Another exhibitor at the Health & Benefits Expo was Tony Potenza, the executive director of the New York Labor Health Care Alliance, a purchasing cooperative for 35 union benefits funds who receive preferred pricing, because of their collective purchasing power, on a range of healthcare solutions such as comprehensive health benefit plans (i.e., Aetna Labor Plan), or prescription-benefit plans managed by Medco.
Potenza said the alliance seeks to consistently add new funds each year. Sometimes potential new funds worry they might be merged with other funds in the alliance. But Potenza stressed that all funds retain their autonomy in how their administrators craft their health plans or use the services the alliance has been able to secure with different providers and vendors.
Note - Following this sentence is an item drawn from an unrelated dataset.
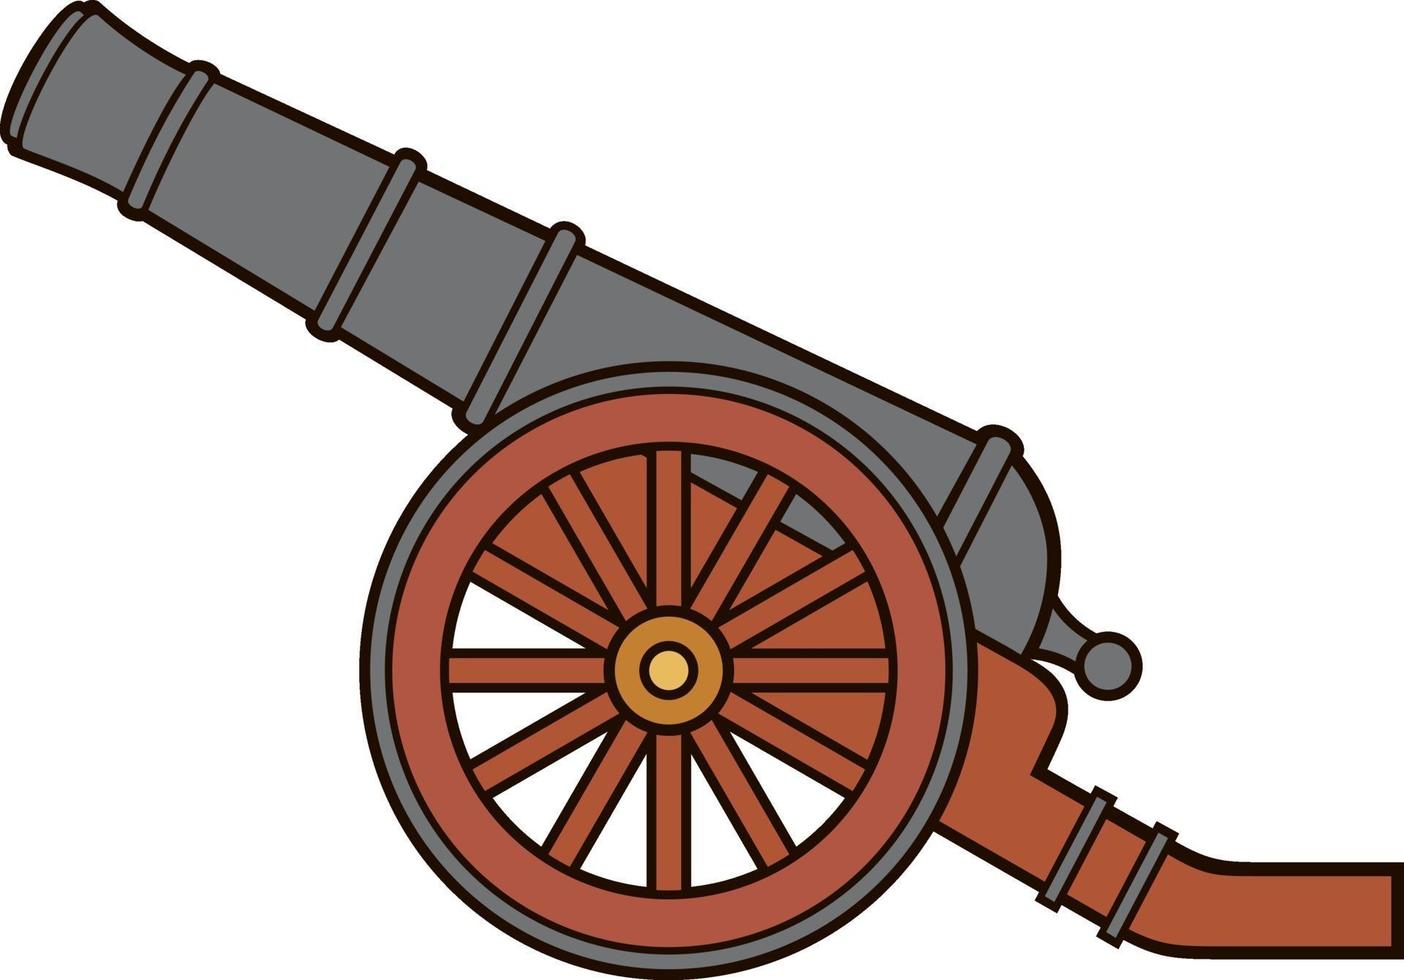 Ancient or pirate cannon vector
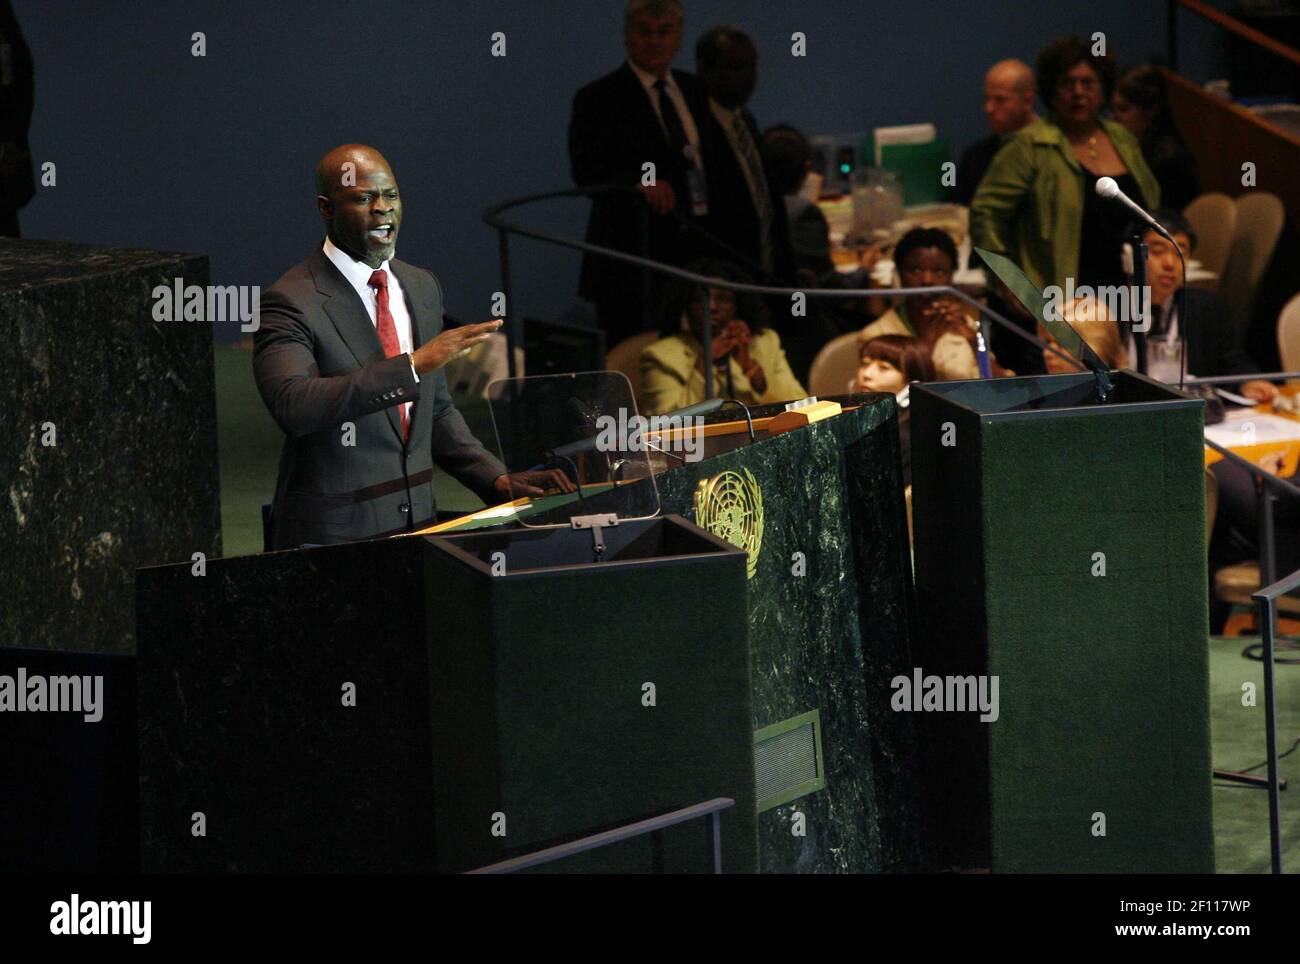 22 September 2009 - New York, NY - Actor Djimon Hounsou speaks before President Barack Obama delivers remarks at UN Secretary General Ban Ki-moon's Climate Change Summit at the United Nations Headquarters in New York City on September 22, 2009. Photo Credit : John Angelillo/Pool/Sipa Press/0909222320 Stock Photo

And, Potenza tells prospective new members, “Even if you don’t want to avail yourself of the negotiated services, being a member of the alliance gives you a seat at the table to hear from other union trust fund administrators ideas on how to preserve dollars and provide quality care.”
Potenza didn’t provide specific dollar amounts an individual union trust fund can save by joining the alliance. But he noted as an example that many of the 35 funds have purchased fiduciary liability insurance the alliance secured from a provider and saved significantly. “A fund administrator told me that since his plan utilized the alliance-endorsed insurance, his plan pays about the same for two years’ worth of the insurance that it paid for one years’ coverage with another carrier.”
Potenza said there’s been no direct negative impact from “Obamacare,” but noted that one provision in the law to provide coverage to dependents up to age 26 has “gotten the attention of many funds.” “The union trust fund managers are in support of the provision, but it does require that they scrutinize their dollar spend.”
The most challenging aspect of running a labor healthcare alliance is ensuring that “the providers and vendors, who really want to do business with the alliance because of the sheer number of total participants, are offering value-added products,” said Potenza. Sometimes a provider is not prepared to offer a benefit to the alliance that an individual trust fund couldn’t secure on its own, according to Potenza. “The principle reason why a particular provider will be listed with us is that it can offer a popularly used product or service at a discounted rate.”
As 2012 nears, the alliance is preparing for a new product rollout. A new data-warehousing program will enable the alliance to collect and store on central servers statistics and data the individual trust funds generate, such as length of hospital admissions, which will help fund managers craft and design their plans before submitting them out to bid. Also, the alliance will be offering its member funds insurance-related products for plan participants on a voluntary basis.